---------- RECORDED INFORMATION
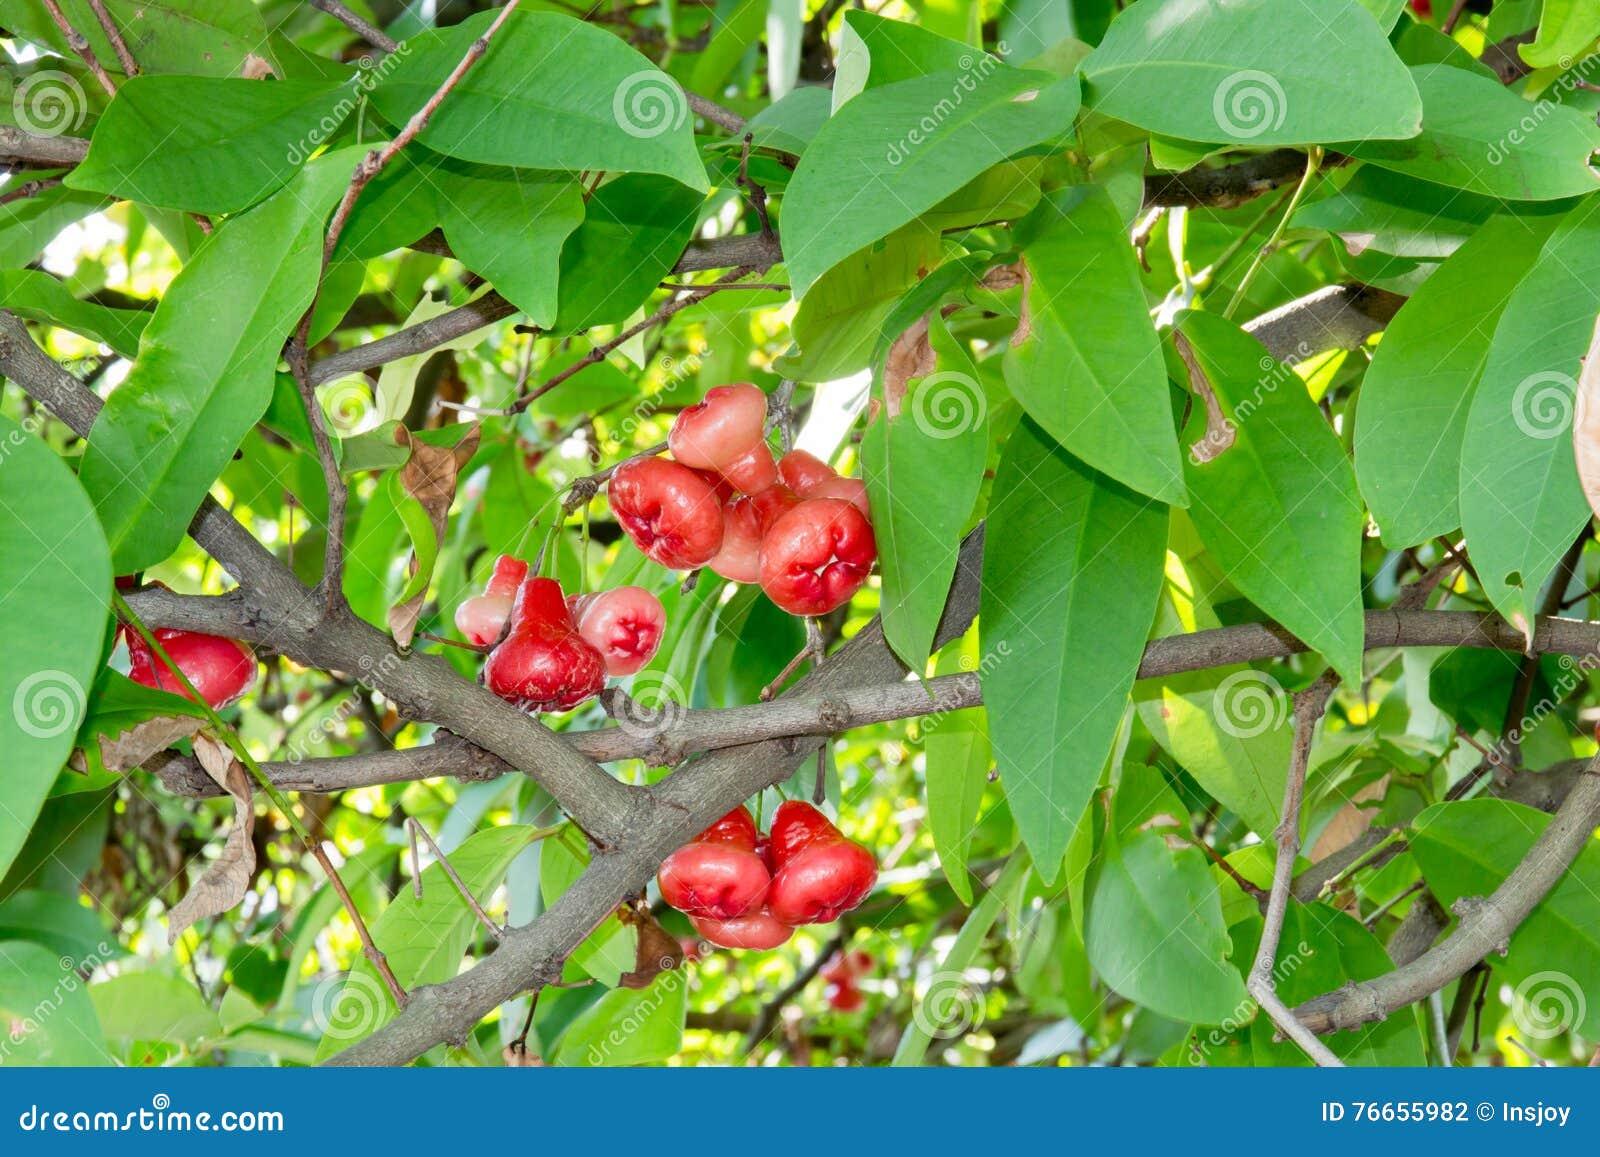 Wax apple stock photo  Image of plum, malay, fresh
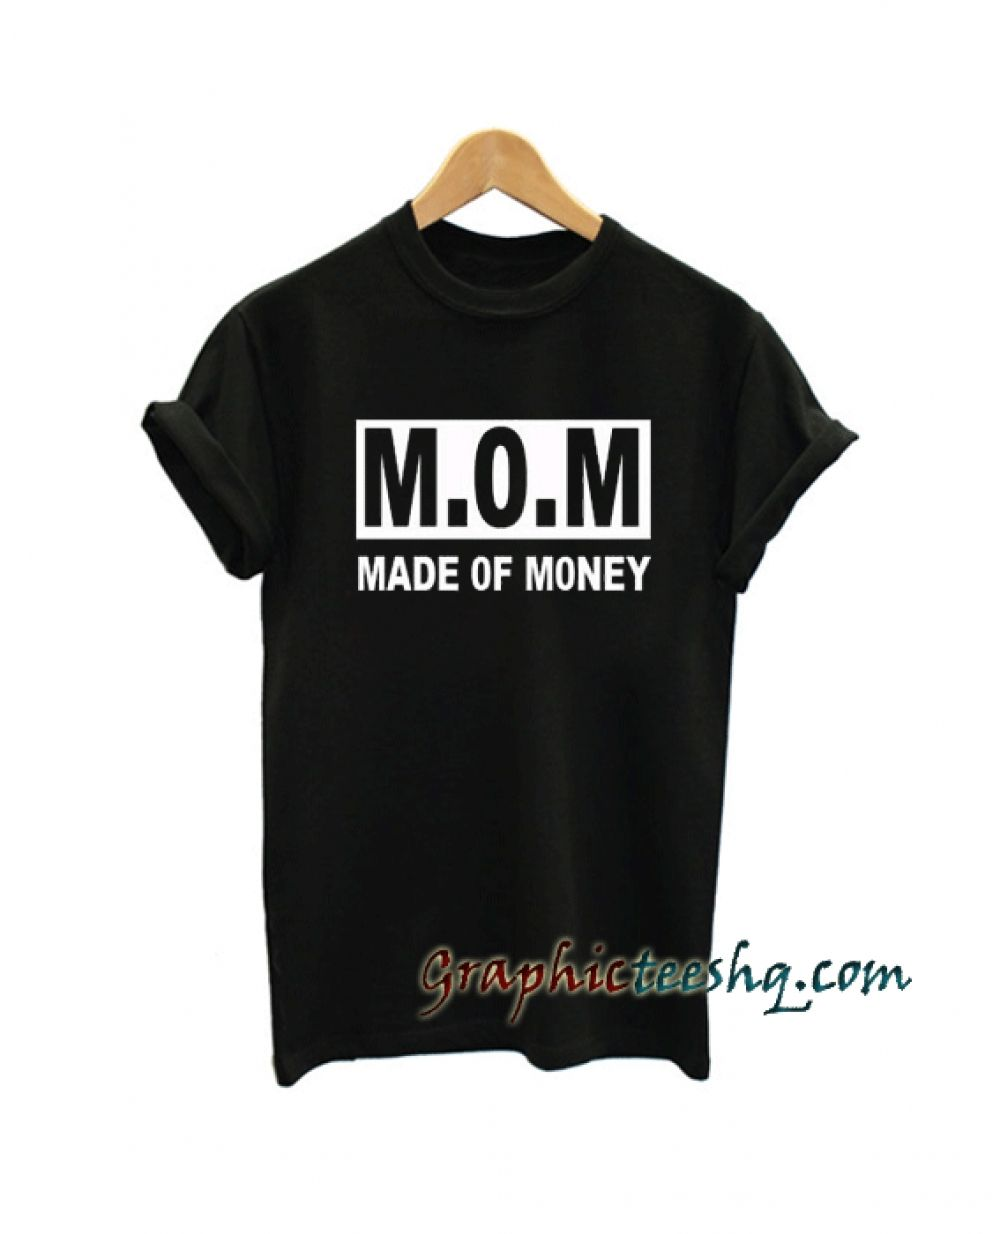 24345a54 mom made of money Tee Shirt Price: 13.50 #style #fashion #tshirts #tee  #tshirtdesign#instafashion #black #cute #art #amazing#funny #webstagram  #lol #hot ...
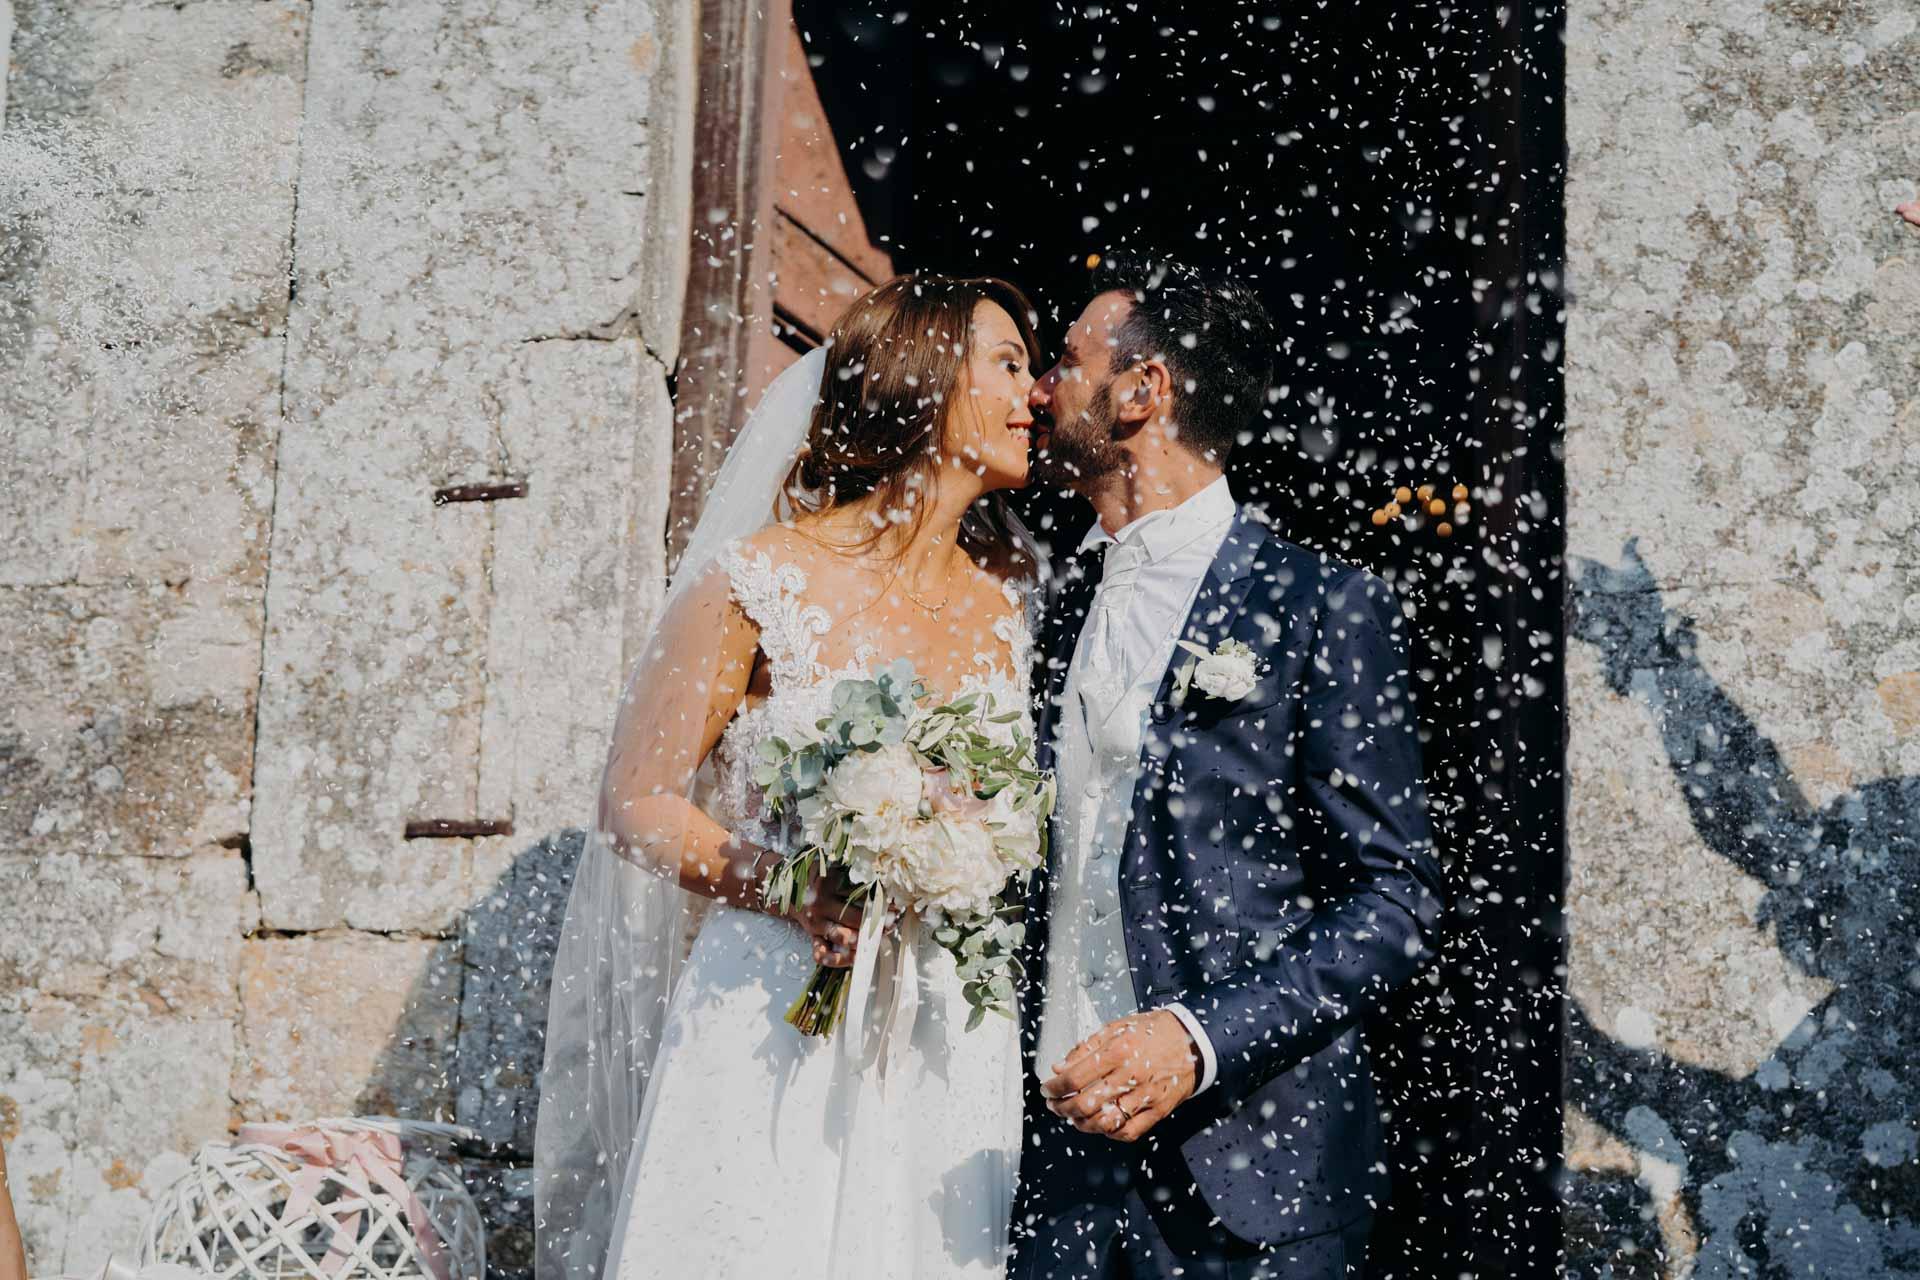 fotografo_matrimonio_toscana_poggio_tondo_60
--------------------
[PROBLEM DETAILS]: Give the listing again word for word, but drop every picture.

[ANSWER BOX]:
 Wax apple stock photo  Image of plum, malay, fresh
 24345a54 mom made of money Tee Shirt Price: 13.50 #style #fashion #tshirts #tee  #tshirtdesign#instafashion #black #cute #art #amazing#funny #webstagram  #lol #hot ...
 fotografo_matrimonio_toscana_poggio_tondo_60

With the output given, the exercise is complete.